Глубокое впечатление оставляет после себя "Бэла": вам грустно, но грусть ваша легка, светла и сладостна; вы летите мечтою на могилу прекрасной, но эта могила не страшна: ее освещает солнце, омывает быстрый ручей, которого ропот, вместе с шелестом ветра в листах бузины и белой акации, говорит вам о чем-то таинственном и бесконечном, и над нею, в светлой вышине, летает и носится какое-то прекрасное видение, с бледными ланитами, с выражением укора и прощения в черных очах, с грустною улыбкою… Смерть черкешенки не возмущает вас безотрадным и тяжелым чувством, ибо она явилась не страшным скелетом, по произволу автора, но вследствие разумной необходимости, которую вы предчувствовали уже, и явилась светлым ангелом примирения. Диссонанс разрешился в гармонический аккорд, и вы с умилением повторяете простые и трогательные слова доброго Максима Максимыча: "Нет, она хорошо сделала, что умерла! ну, что бы с ней сталось, если б Григорий Александрович ее покинул? А это бы случилось рано или поздно!.."
И с каким бесконечным искусством обрисован грациозный образ пленительной черкешенки! Она говорит и действует так мало, а вы живо видите ее перед глазами во всей определенности живого существа, читаете в ее сердце, проникаете все изгибы его…

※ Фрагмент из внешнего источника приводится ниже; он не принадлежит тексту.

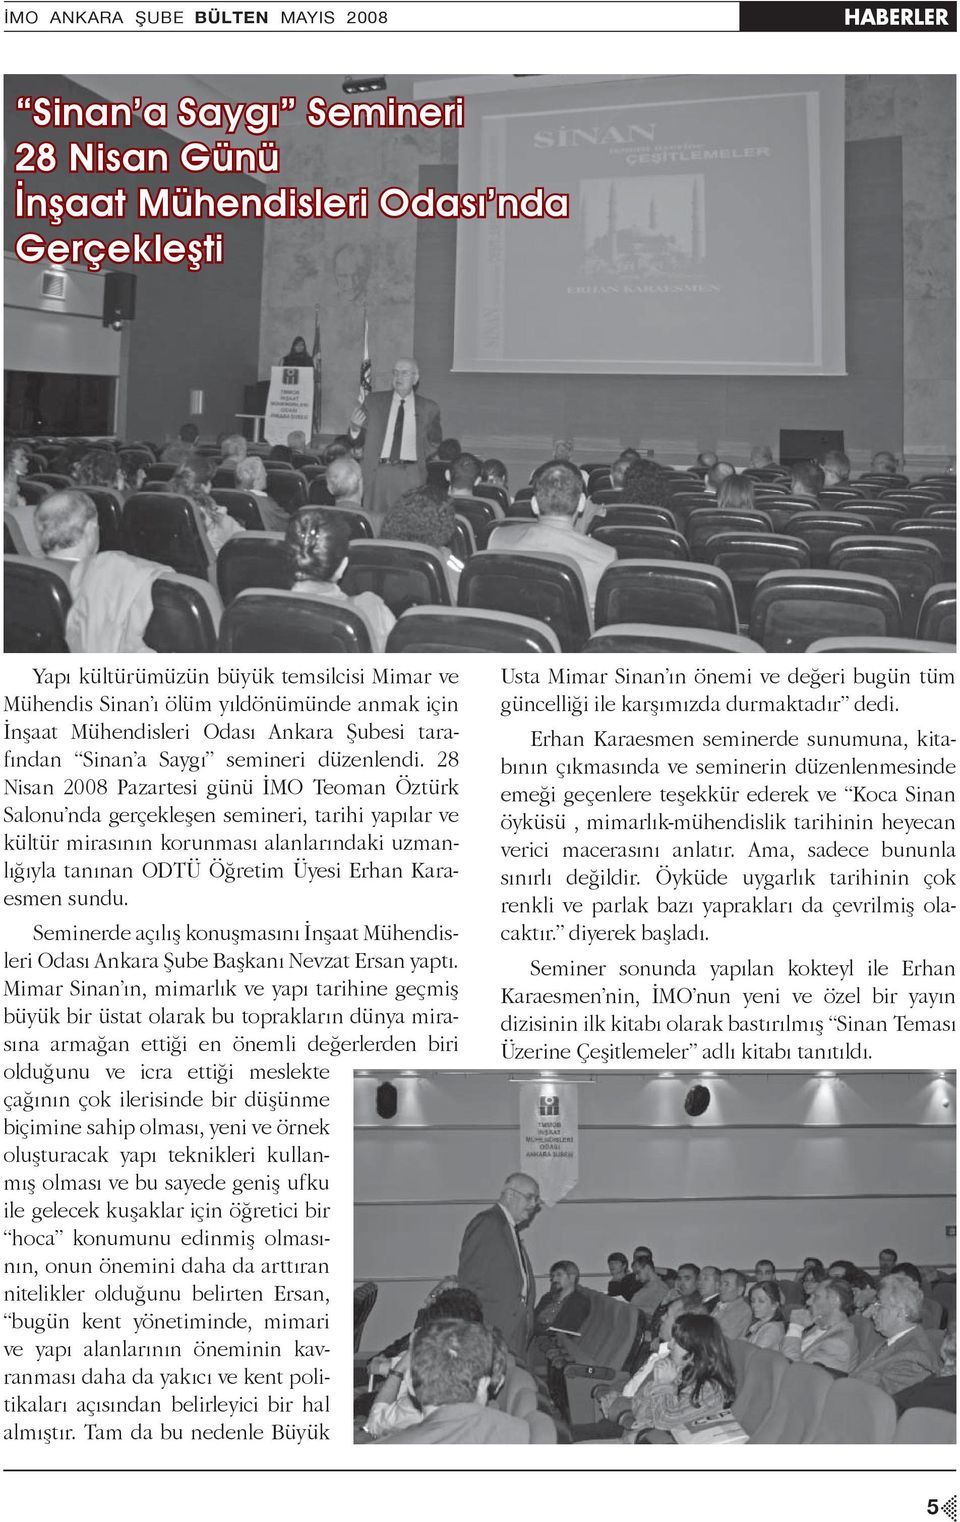 28 Nisan 2008 Pazartesi günü İMO Teoman Öztürk Salonu nda gerçekleşen semineri, tarihi yapılar ve kültür mirasının korunması alanlarındaki uzmanlığıyla tanınan ODTÜ Öğretim Üyesi Erhan Karaesmen

А Максим Максимыч, этот добрый простак, который и не подозревает, как глубока и богата его натура, как высок и благороден он? Он, грубый солдат, любуется Бэлою, как прекрасным дитятею, любит ее, как милую дочь, – и за что? – спросите его, так он ответит вам: "Не то чтобы любил, а так – глупость!" Ему досадно, что его ни одна женщина не любила так, как Бэла Печорина; ему грустно, что она не вспомнила о нем перед смертью, хоть он и сам сознается, что это с его стороны не совсем справедливое требование… Останавливаться ли на этих чертах, столь полных бесконечностию? Нет, они говорят сами за себя; а те, для кого они немы, те не стоят, чтоб тратить с ними слова и время. Простая красота, которая есть одна истинная красота, не для всех доступна: у большей части людей глаза так грубы, что на них действует только пестрота, узорочность и красная краска, густо и ярко намазанная…
Характеры Азамата и Казбича – это такие типы, которые будут равно понятны и англичанину, и немцу, и французу, как понятны они русскому. Вот что называется рисовать фигуры во весь рост, с национальною физиономиею и в национальном костюме!..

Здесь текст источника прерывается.